Task goal: Write out each line of the material exactly as given, and drop the images.

-- Data below follows --

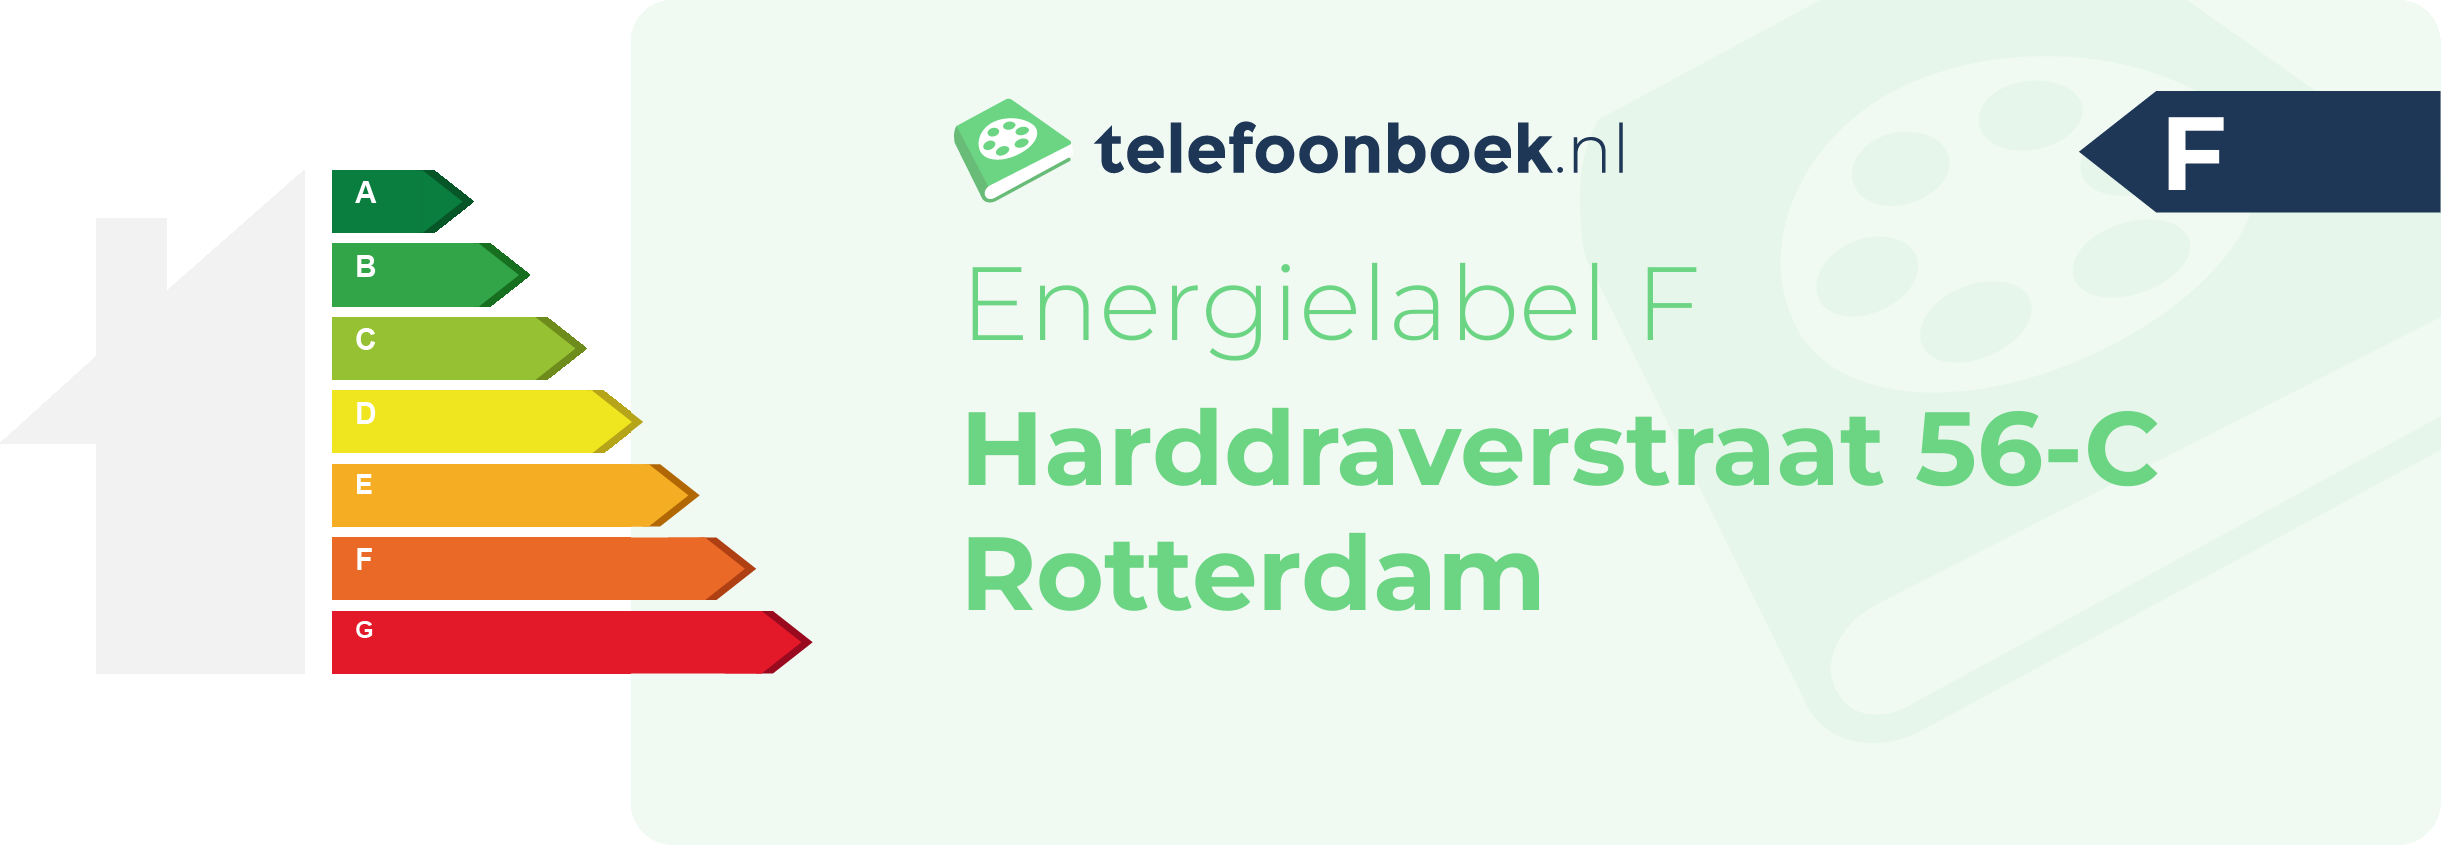 Energielabel Harddraverstraat 56-C Rotterdam
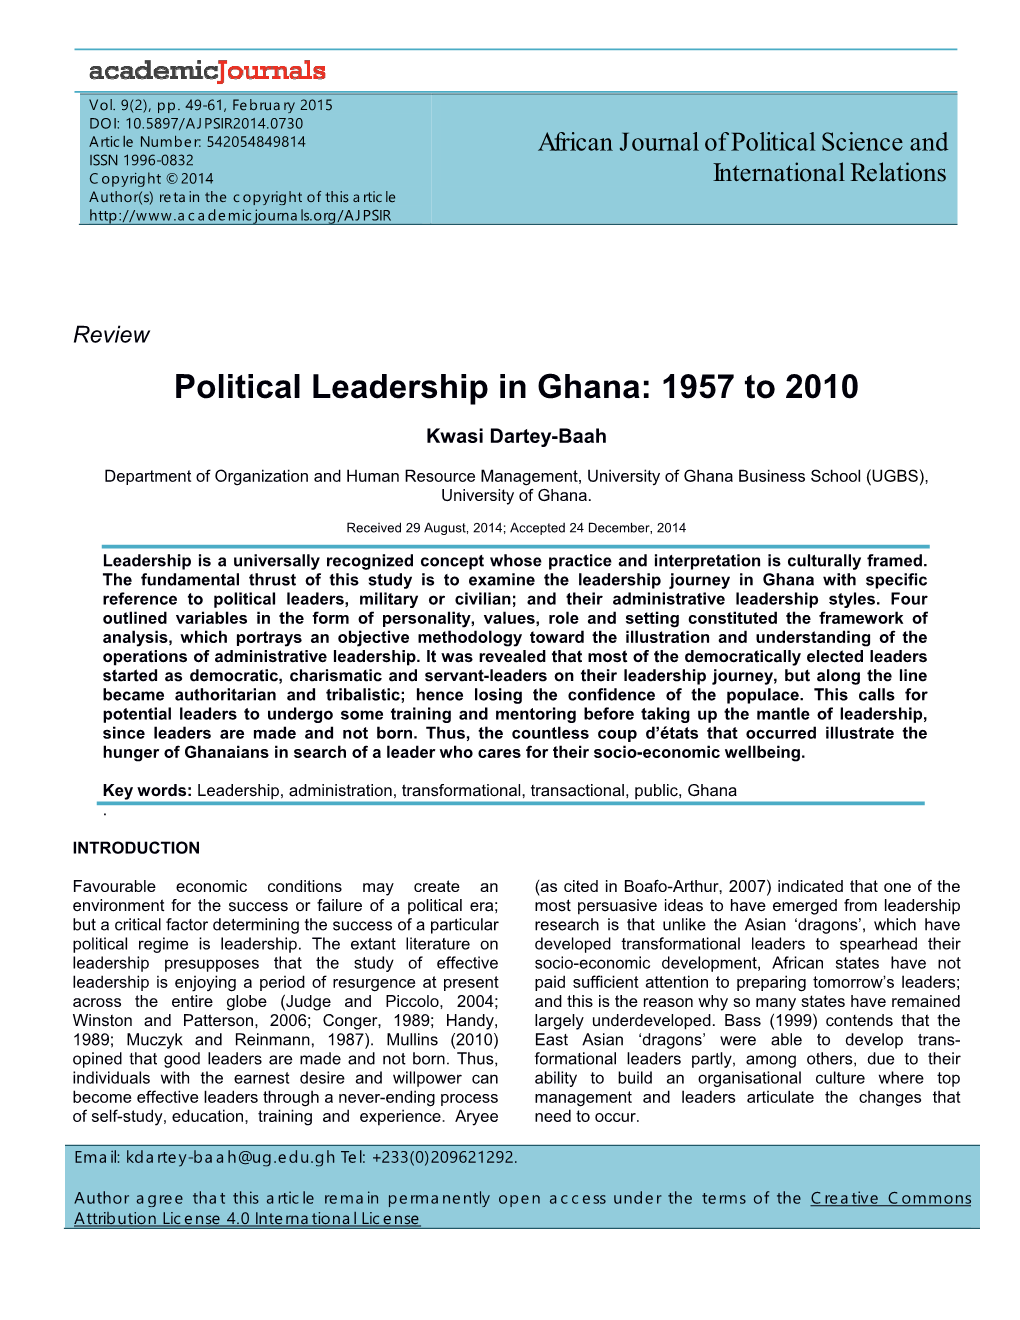 Political Leadership in Ghana: 1957 to 2010
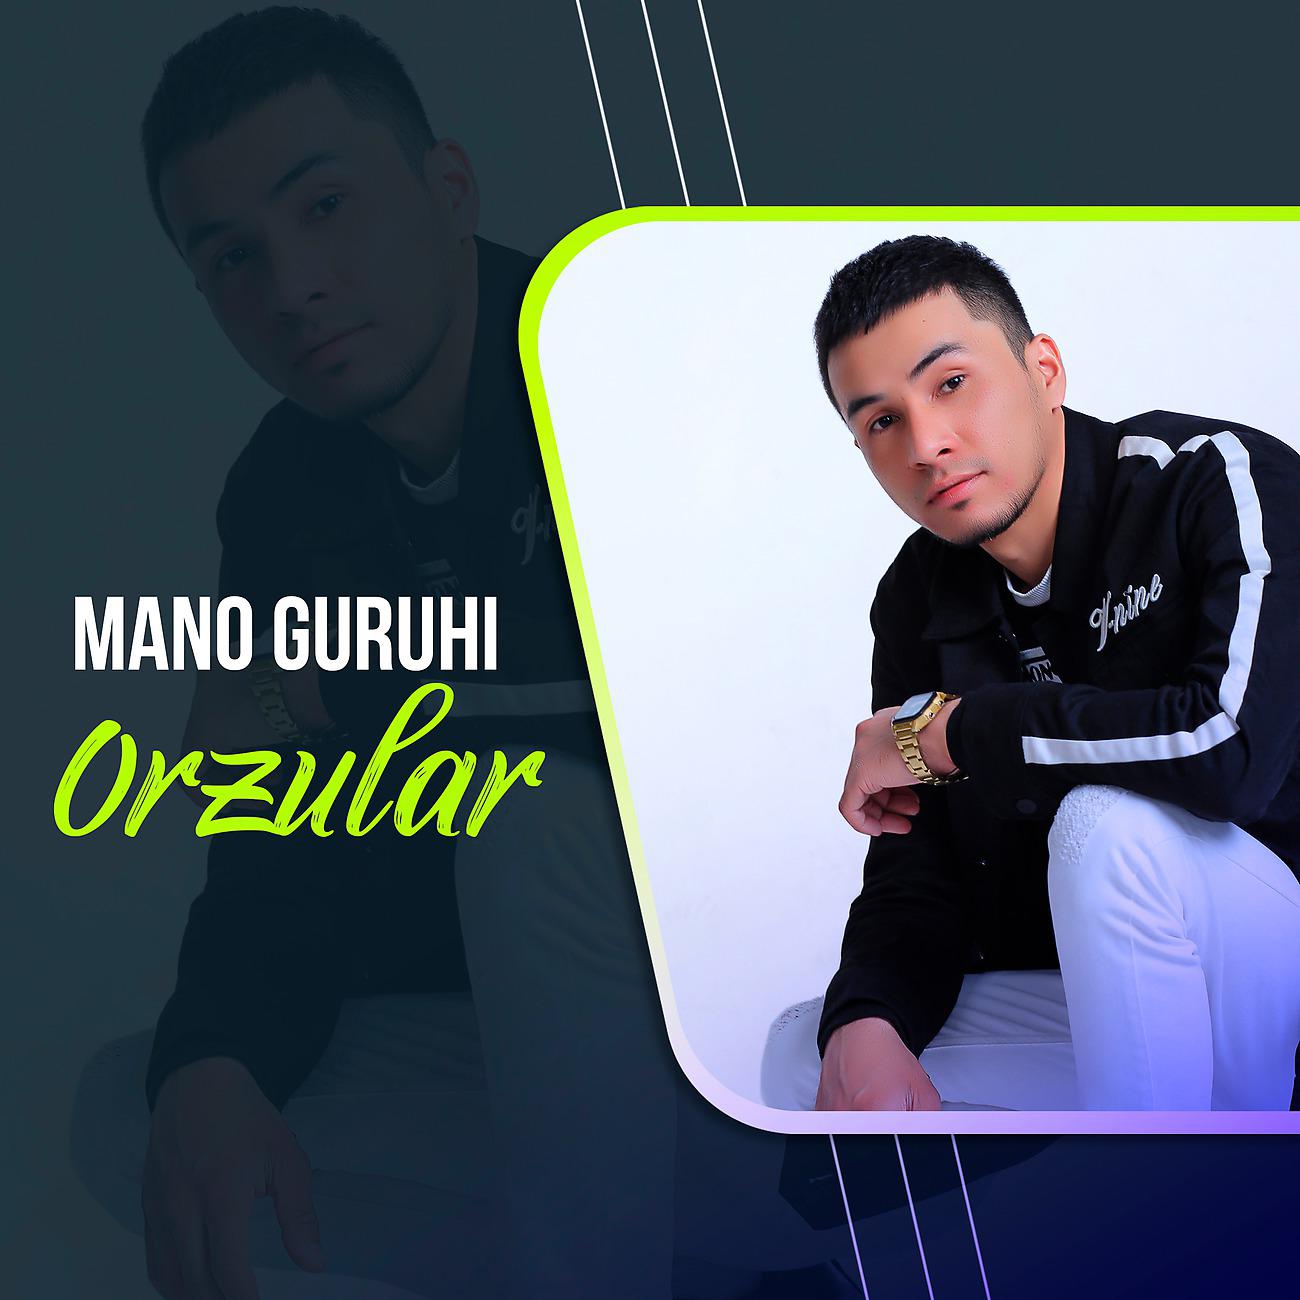 Постер альбома Orzular
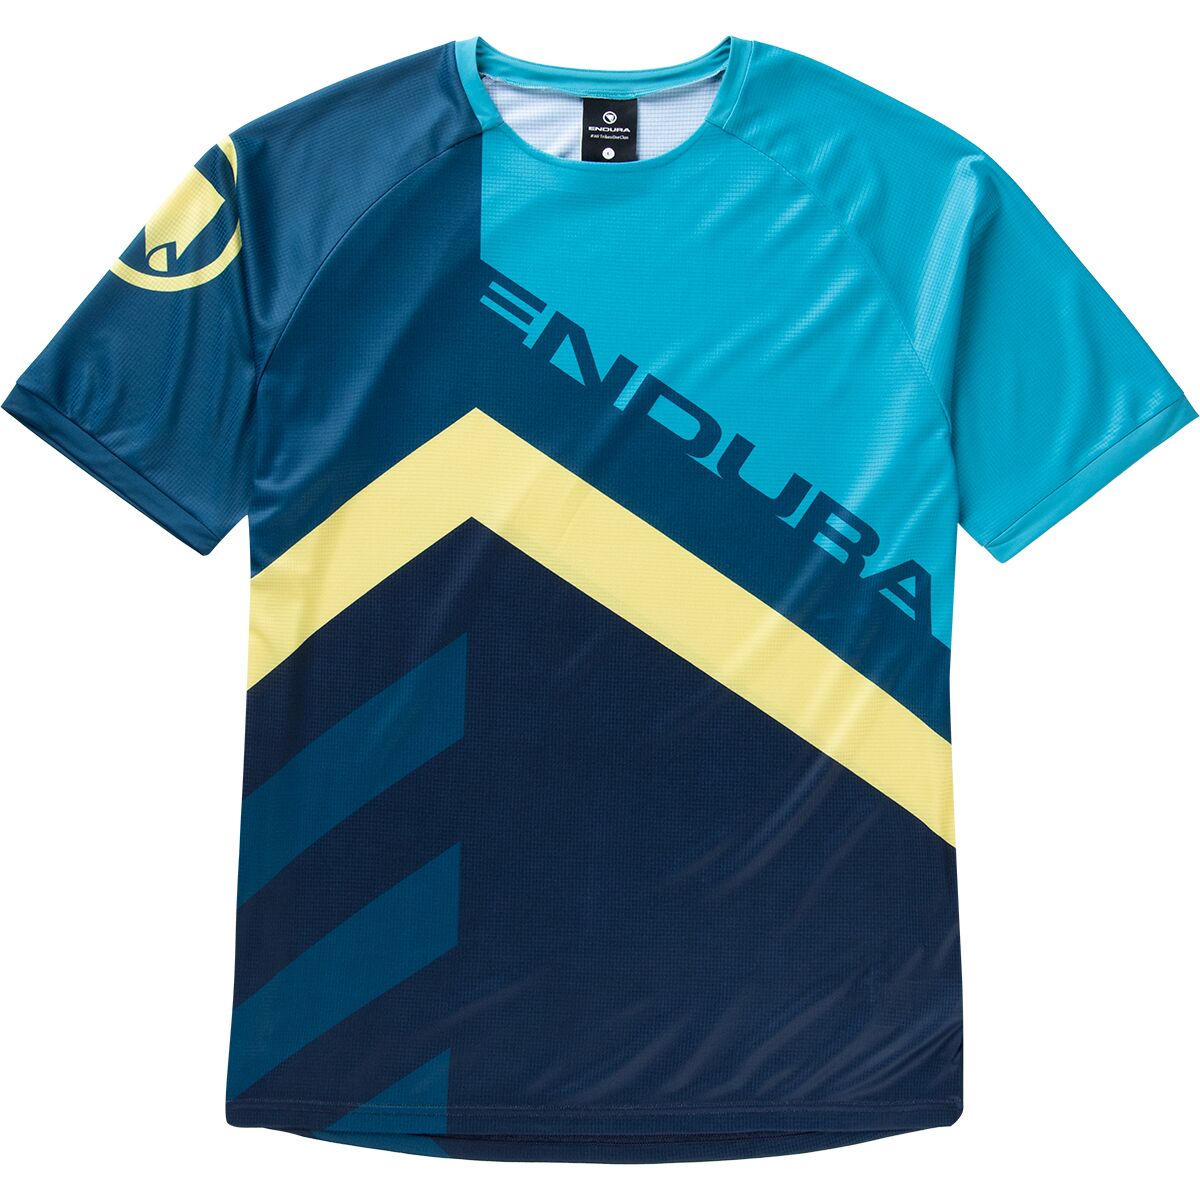 Endura SingleTrack Print T-Shirt LTD - Men's Blueberry, S

-- Data below concluded --

Response to the exercise:
 Energielabel Harddraverstraat 56-C Rotterdam
 Political Leadership in Ghana: 1957 to 2010
 Постер альбома Orzular
 Endura SingleTrack Print T-Shirt LTD - Men's Blueberry, S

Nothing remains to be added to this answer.